Anula, mi się wydaje że dziewczynka ale jak mi dziś gin powiedział, że ciąża starsza o tydzień to może chłopiec, bo przeważnie są więksi. Na necie różne informacje są - niby jak tętno wysokie to dziewczynka (u mnie 170), jak beta wysoka na początku - też dziewczynka (u mnie pierwsza beta powyżej 900), z chińskiego kalendarza płci wychodzi, że dziewczynka. No zobaczymy :-) Dowiem się 28 grudnia :-)
Dziwny ten Twój gin, beta wskazuje na ciążę, jesteś po przejsciach a on każe przyjść dopiero po nowym roku. Bierzesz leki?
 
Doris:-) Świetne wiadomości! Nieważne czy chłopiec czy dziewczynka - byle zdrowe! Ja obstawiam, że jednak będzie synek - by było do pary :)

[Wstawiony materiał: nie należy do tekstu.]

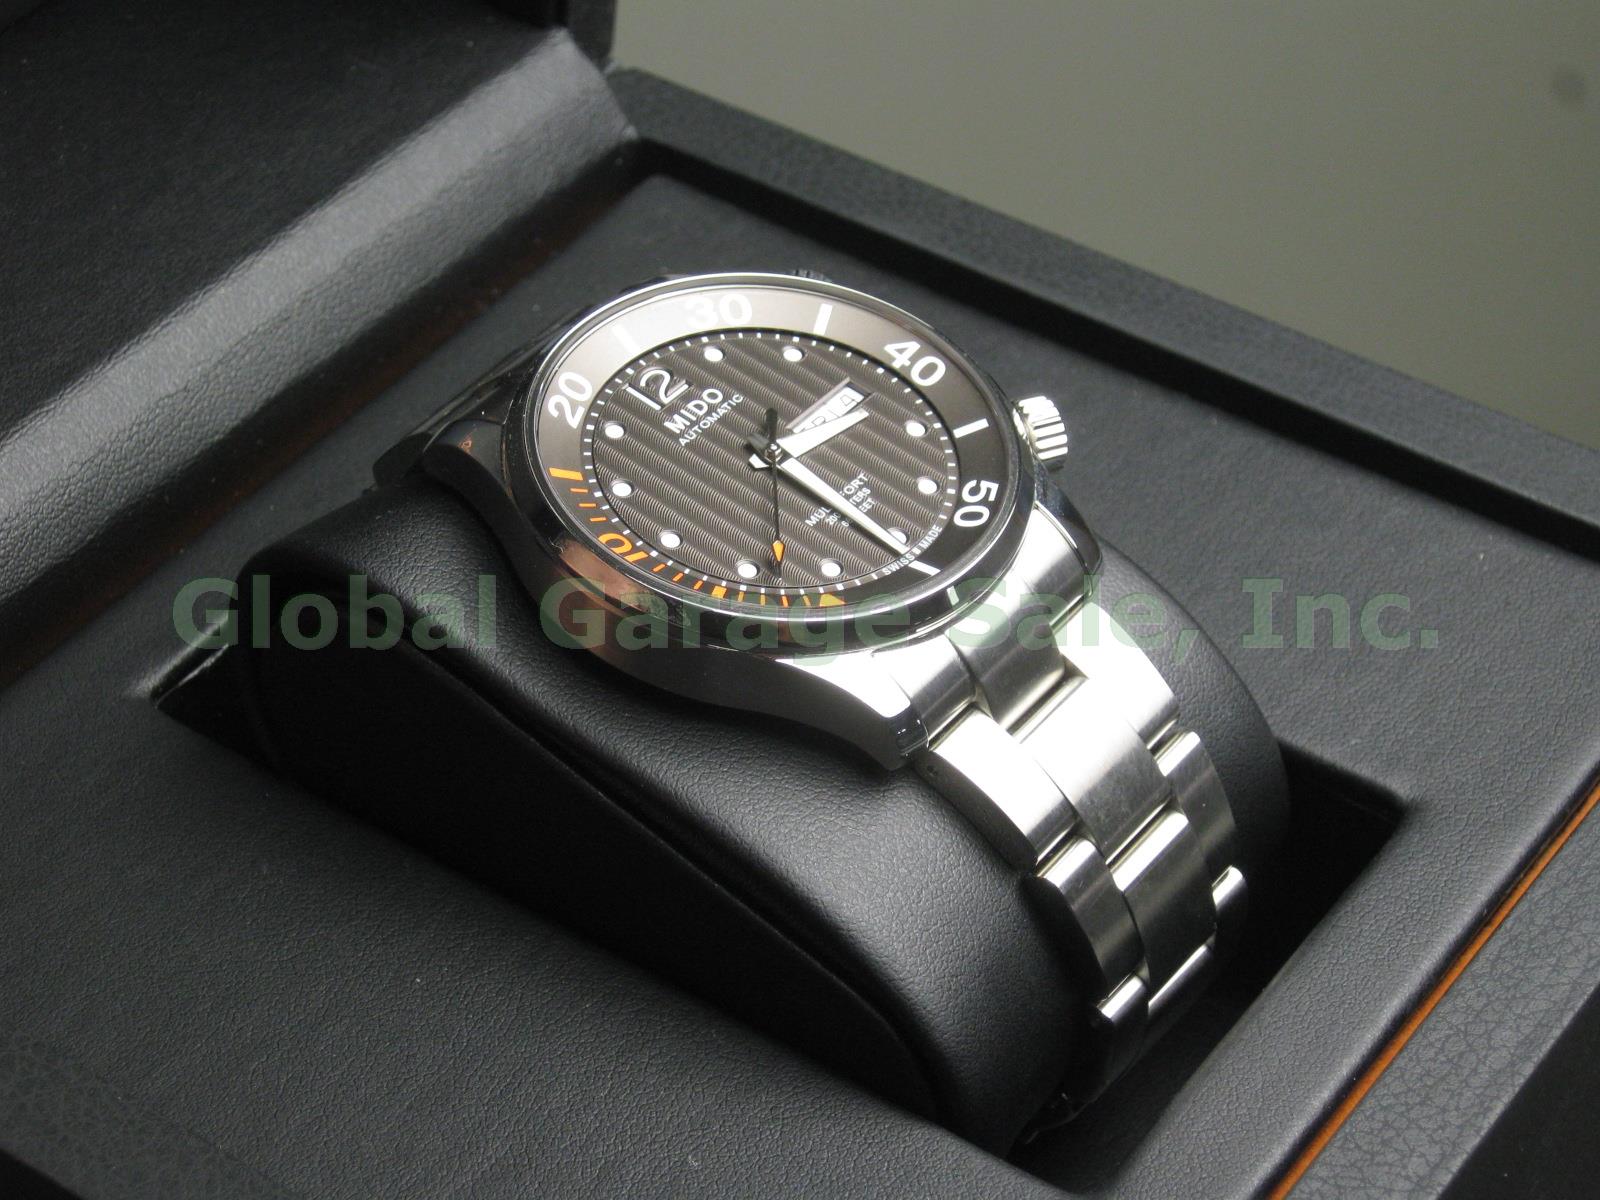 Mido Multifort M005930 A 42mm Two Crown Automatic 200M Swiss Diver Watch W/ Box+ 1

OneMoreTime W tym wieku to za wiele na katar nie poradzisz :( Ja stosowałam właśnie sól fizjologiczna + frida. Do tego smarowałam noski maścią majerankową. Możesz też dać kropelkę olejku miętowego lub eukaliptusowego na poduszkę. A może ten katar jest powodem brakiem ochoty ssania piersi?
 
Doris oby d 28 i wszystko będzie wiadome :tak: ale tak jak pisze witch84 byle było zdrowe, to już nic więcej nie ma znaczenia :-) :) na razie z leków mam Inofolik i Acard, problem w tym, że moja doktorka u której się leczę już w tym roku nie przyjmuje, będzie dopiero w drugim tygodniu stycznia :hmm: a tyle na pierwsza wizytę nie chciałam czekać, więc poszłam do Medicover do lekarza u którego parę razy byłam, wydaje się sensowny i po części zna mój przypadek. Ale nie bardzo wiem co mam teraz robić, co z lekami, czy nie będzie za późno jak je zacznę brać dopiero w styczniu.... ehh w ogóle jakoś zero u mnie pozytywnych myśli, mam kompletny mętlik w głowie ... ja po prostu nie wiem co mam robić żeby było dobrze :sad:

OneMoreTime ja to nie "wprawiona" więc z katarem nie pomogę, ale zdrówka dla Kajusi życzę, trzymajcie się dziewczyny cieplutko:blink:
 
Doris minimum do pomiaru to 45 mm, chodzi o to, że 10 tygodni to nie jest 11 tygodni, liczy się od skończonego 11 tygodnia więc wg zasad nie liczy się pomiar ale właśnie ze względu na tygodnie. dzidziol ma tyle od ilu można już mierzyć jednak wiek ciążowy jest za mały. Szpital i gin nie liczy 10t4d jako 11 tygodnia tylko 11t0d i od tego wieku ciążowego jeśli ma co najmniej 45 mm a nie więcej niż 84 NT i reszta jest "wiarygodna" ;)
 
Doris dokładnie tak jak piszesz :tak:

cisza na forum, dziewczyny szykują się na święta, ja zaraz posmażę naleśniki na krokiety i pozawijane zamrożę, potem je obsmażę w bułce i będą pycha. Mam coraz mniej miejsca w brzuchu więc chyba wszystko zjem w ilości 1 sztuka :confused2::-D
 
reklama
Doris super wieści.
Na pewno bo teraz to największy młyn przed świętami.
Mój M każe mi się oszczędzać, a ja jakoś wolę siedzieć w kuchni niż leżeć i myśleć o porodzie.